▶ [Task to complete]
One figure is wanted here: how many lines in the entries hold the word "ball".

▶ [Data records]
◆ ◆ ◆ ◆ ◆

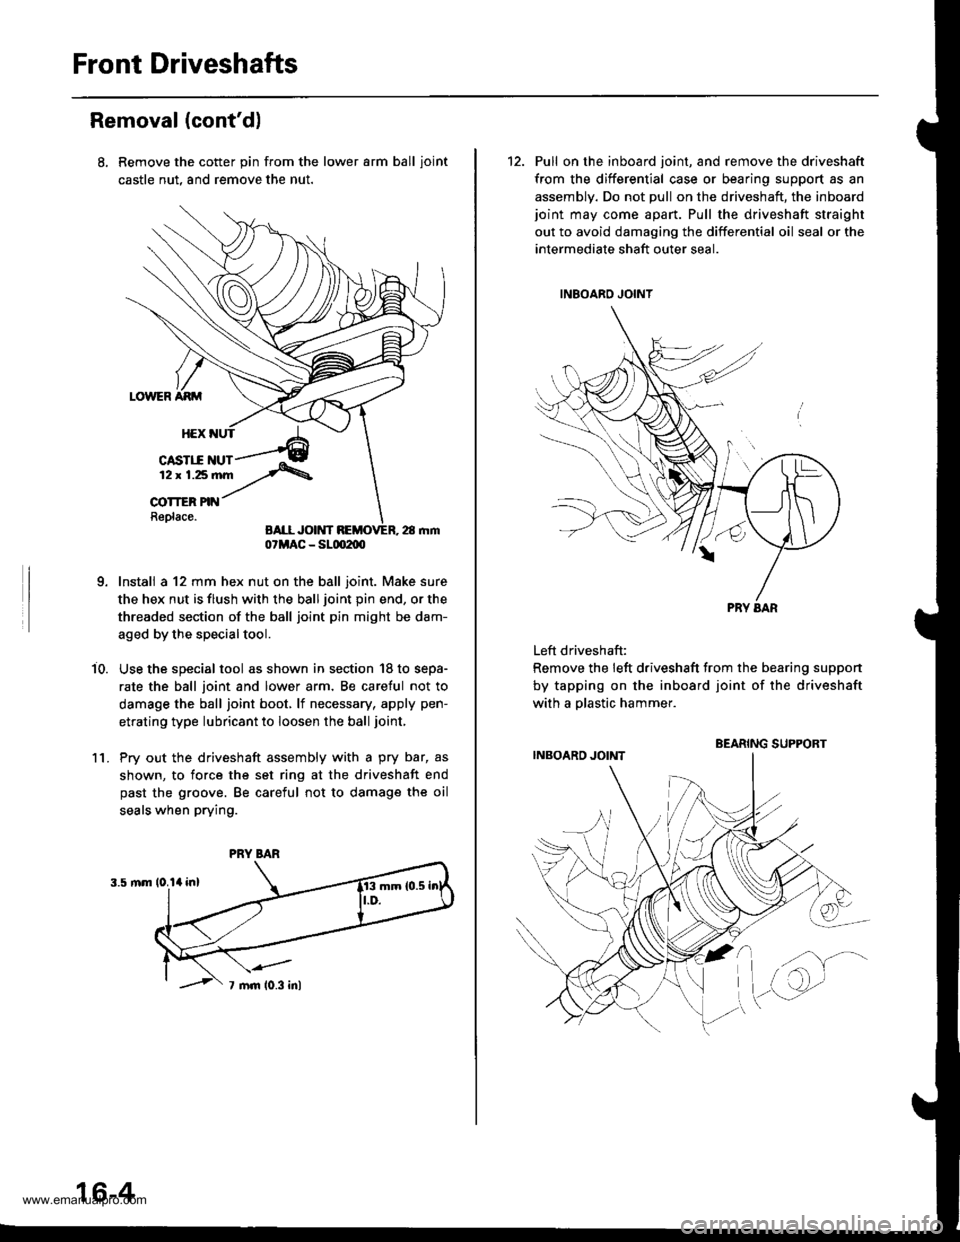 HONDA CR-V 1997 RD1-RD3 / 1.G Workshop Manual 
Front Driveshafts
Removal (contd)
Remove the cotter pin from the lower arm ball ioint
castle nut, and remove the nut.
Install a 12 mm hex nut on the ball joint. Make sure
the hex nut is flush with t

◆ ◆ ◆ ◆ ◆

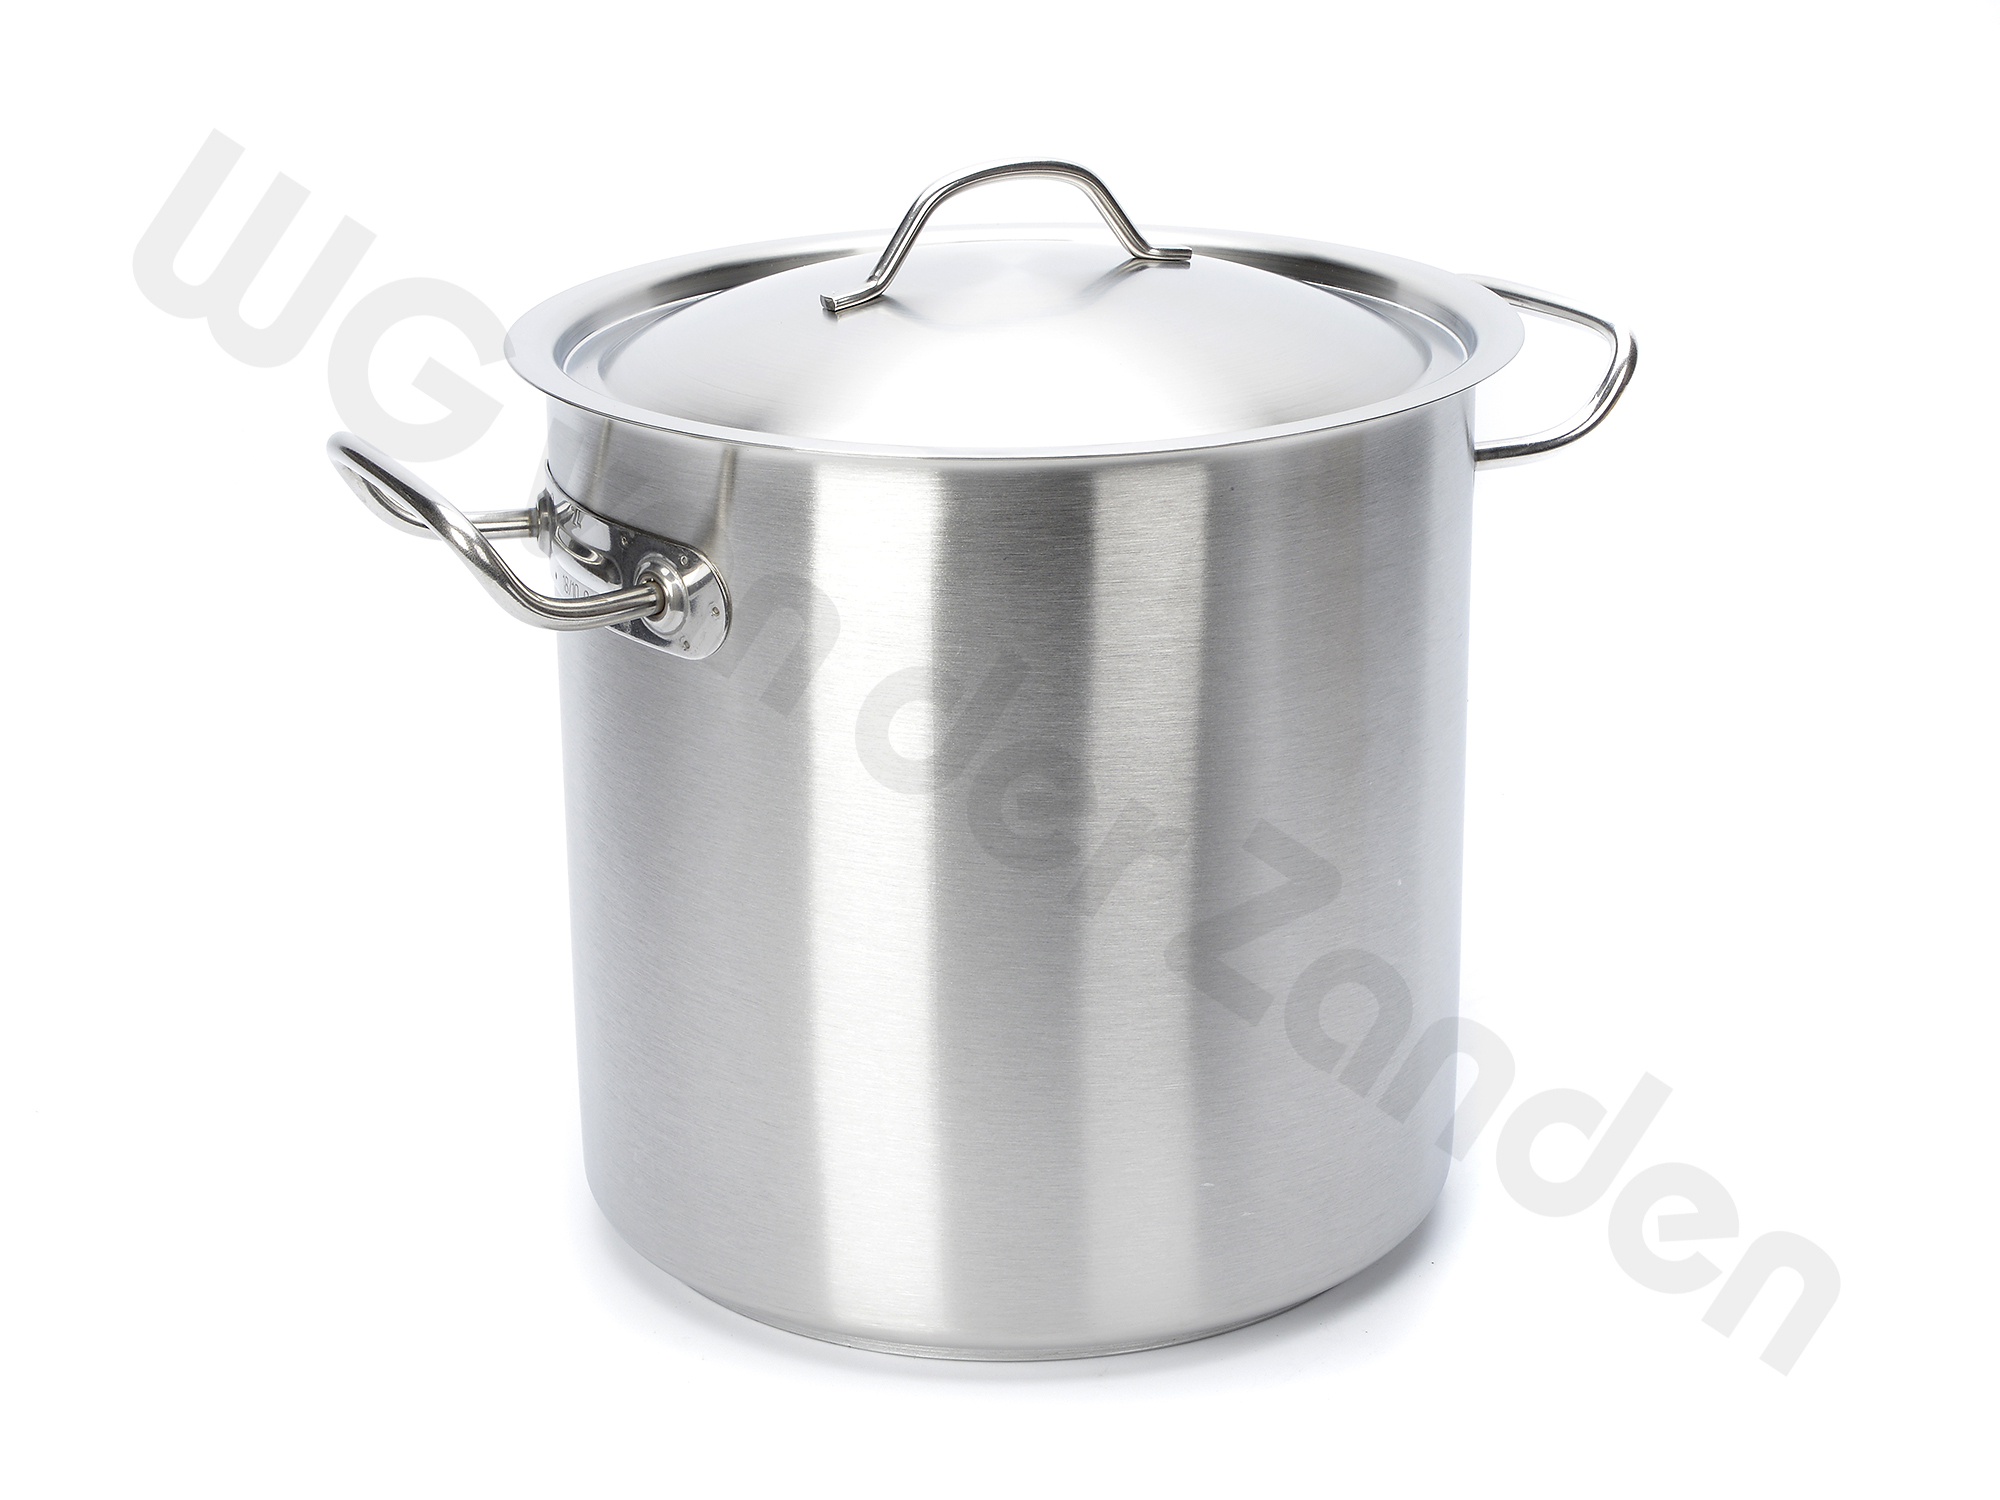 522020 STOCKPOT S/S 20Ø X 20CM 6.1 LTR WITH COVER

◆ ◆ ◆ ◆ ◆

▶ [Reply]
2